▼▼▼

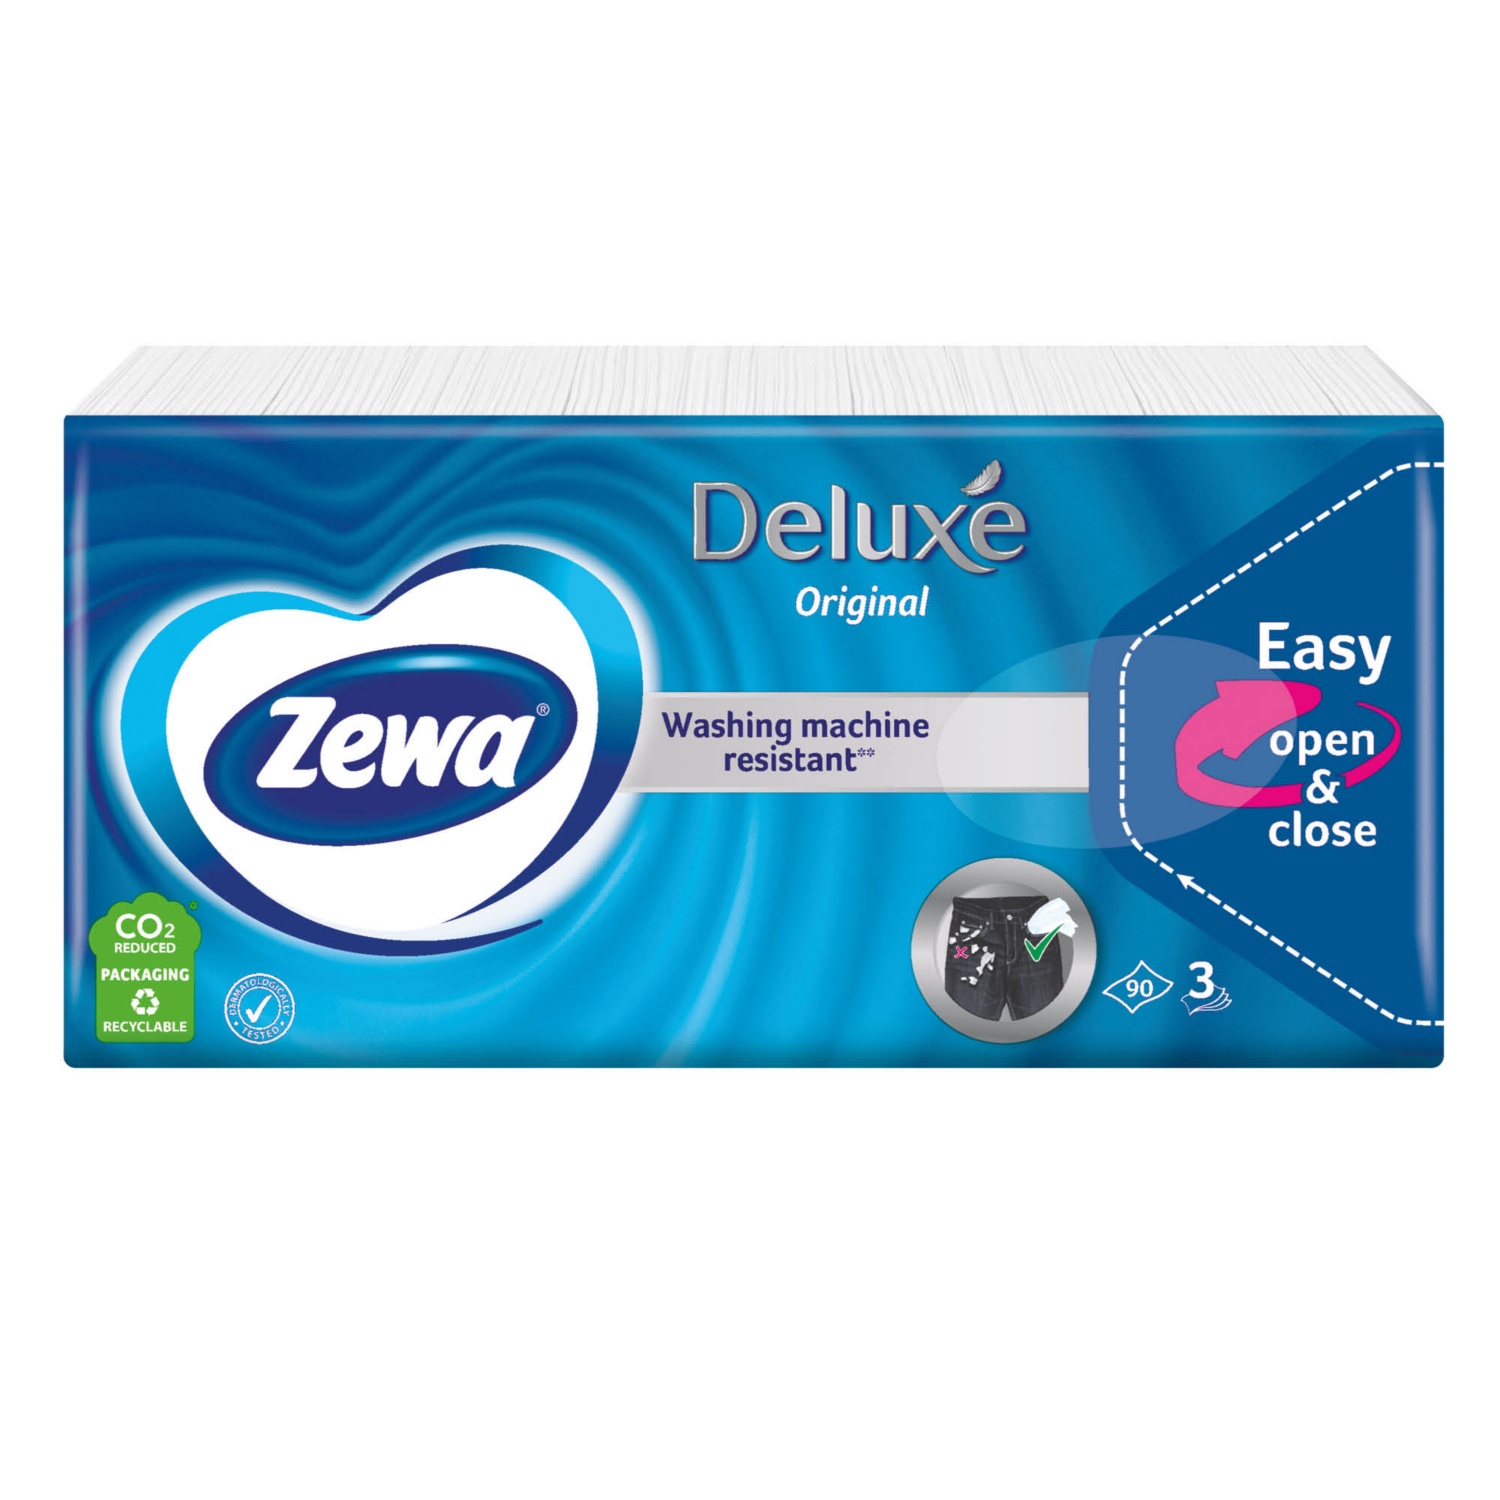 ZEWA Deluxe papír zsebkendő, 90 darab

▲▲▲
▼▼▼

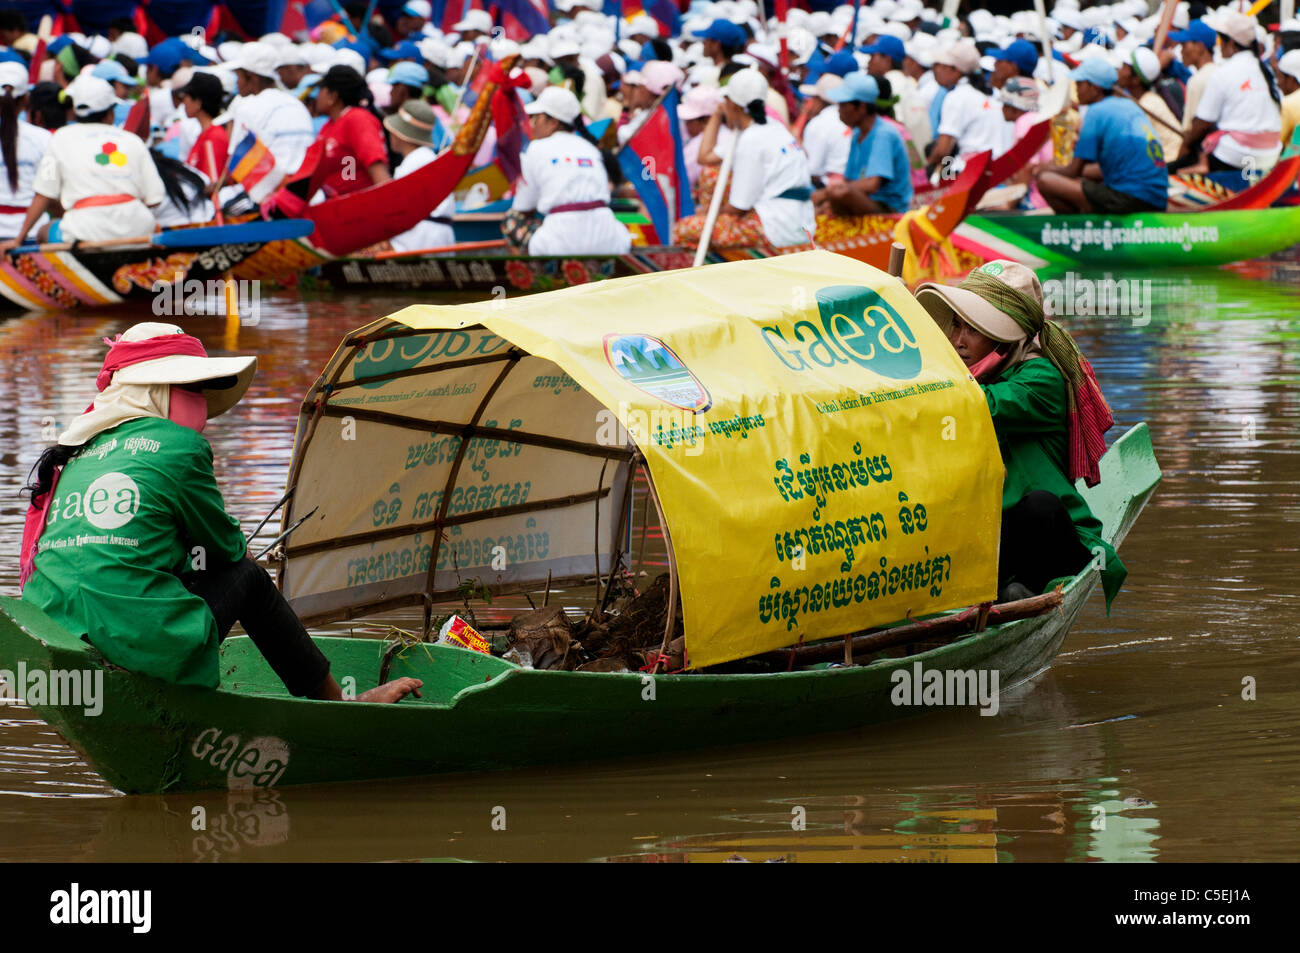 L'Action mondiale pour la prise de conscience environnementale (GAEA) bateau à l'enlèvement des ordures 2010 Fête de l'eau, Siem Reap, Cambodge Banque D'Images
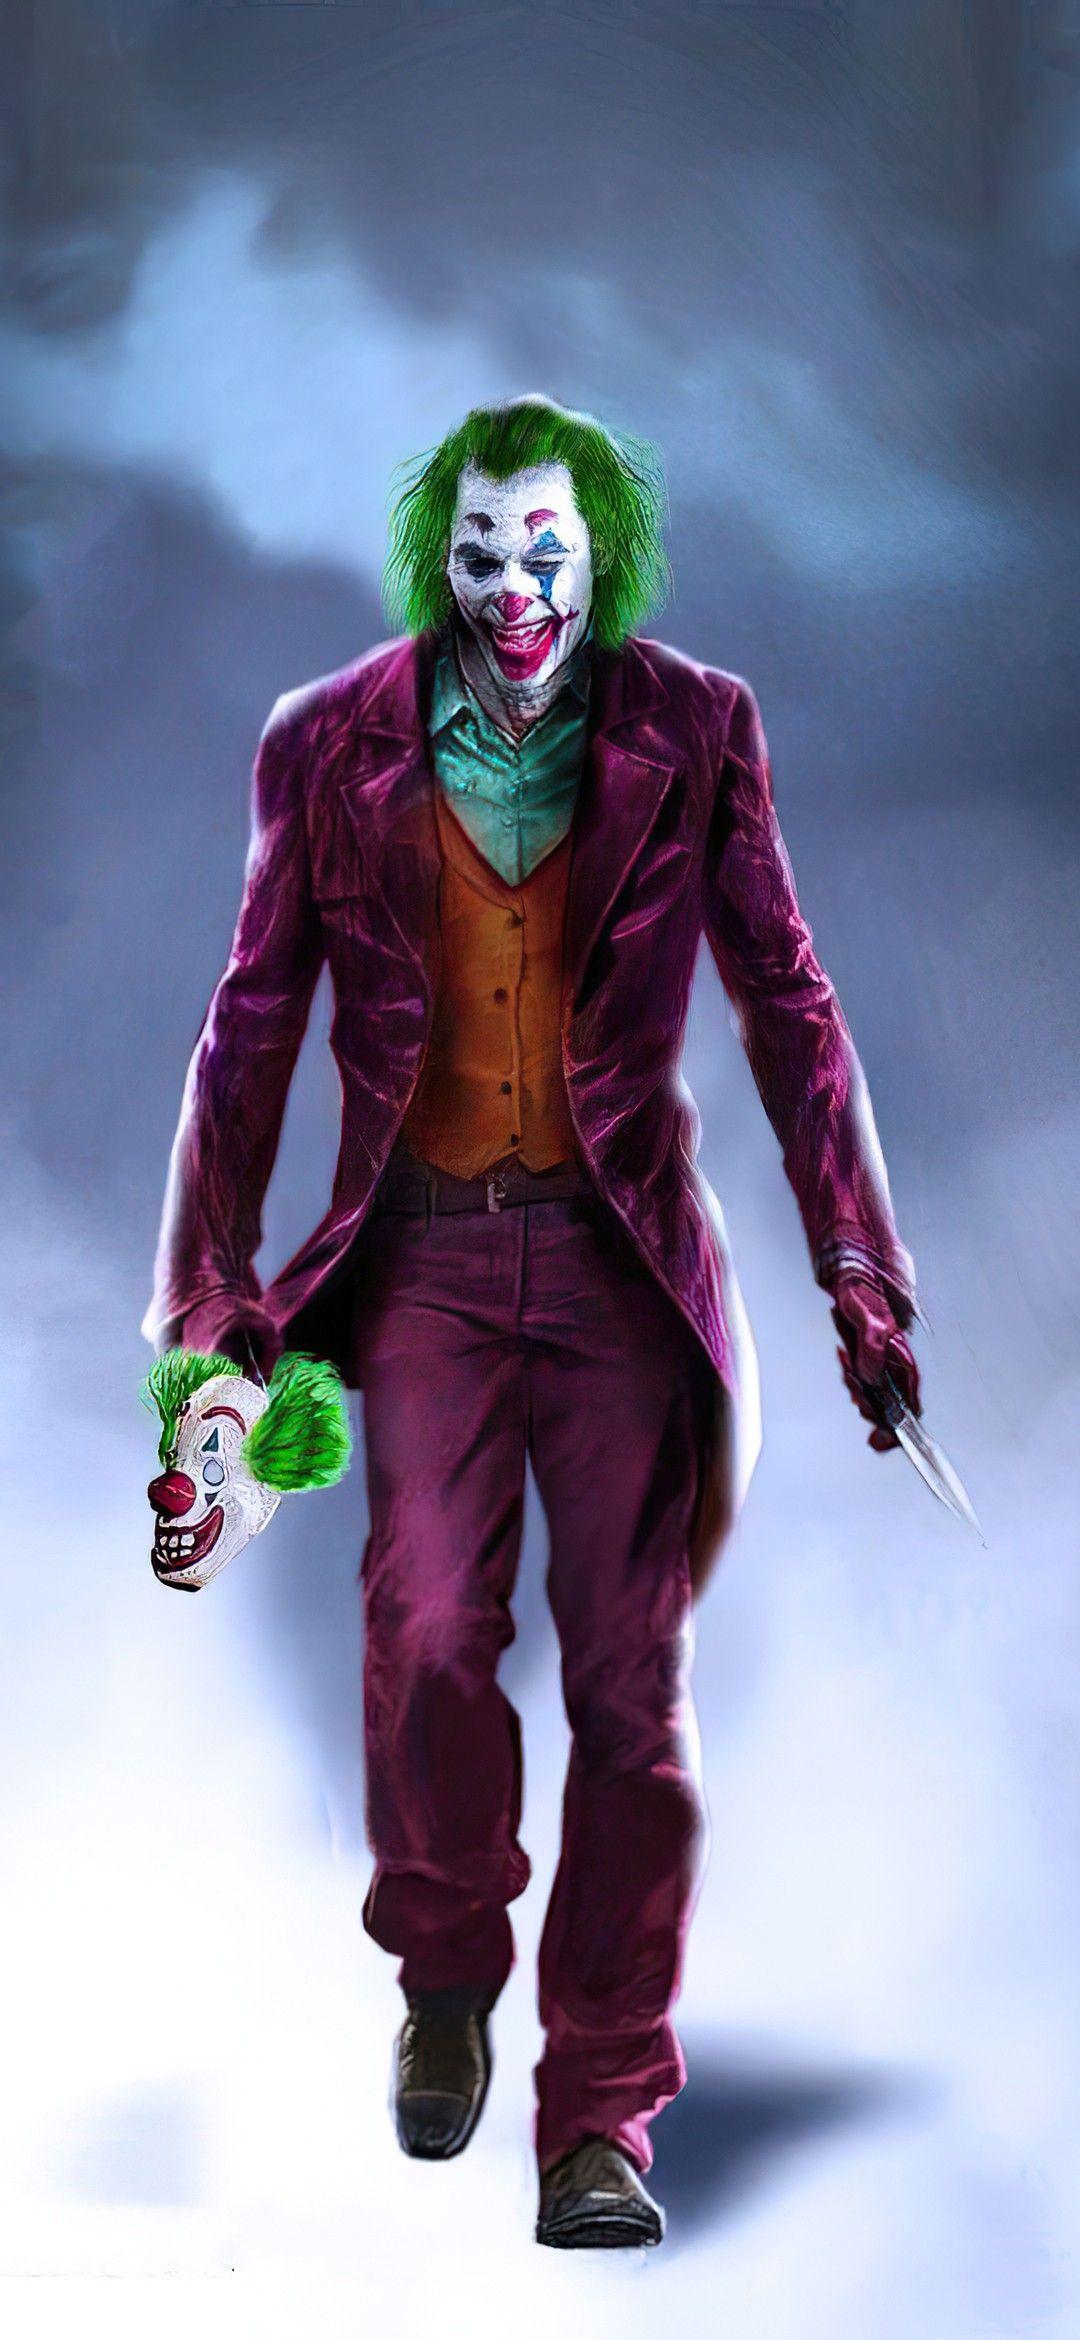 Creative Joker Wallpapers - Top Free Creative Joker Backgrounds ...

▲▲▲

# ASSIGNMENT:
Print, exactly and with no pictures, the lines of the listing above starting at the one that has "L'Action mondiale pour" and ending at the one that has "Creative Joker Wallpapers", both included.

# COMPLETED EXERCISE:
 L'Action mondiale pour la prise de conscience environnementale (GAEA) bateau à l'enlèvement des ordures 2010 Fête de l'eau, Siem Reap, Cambodge Banque D'Images
 Creative Joker Wallpapers - Top Free Creative Joker Backgrounds ...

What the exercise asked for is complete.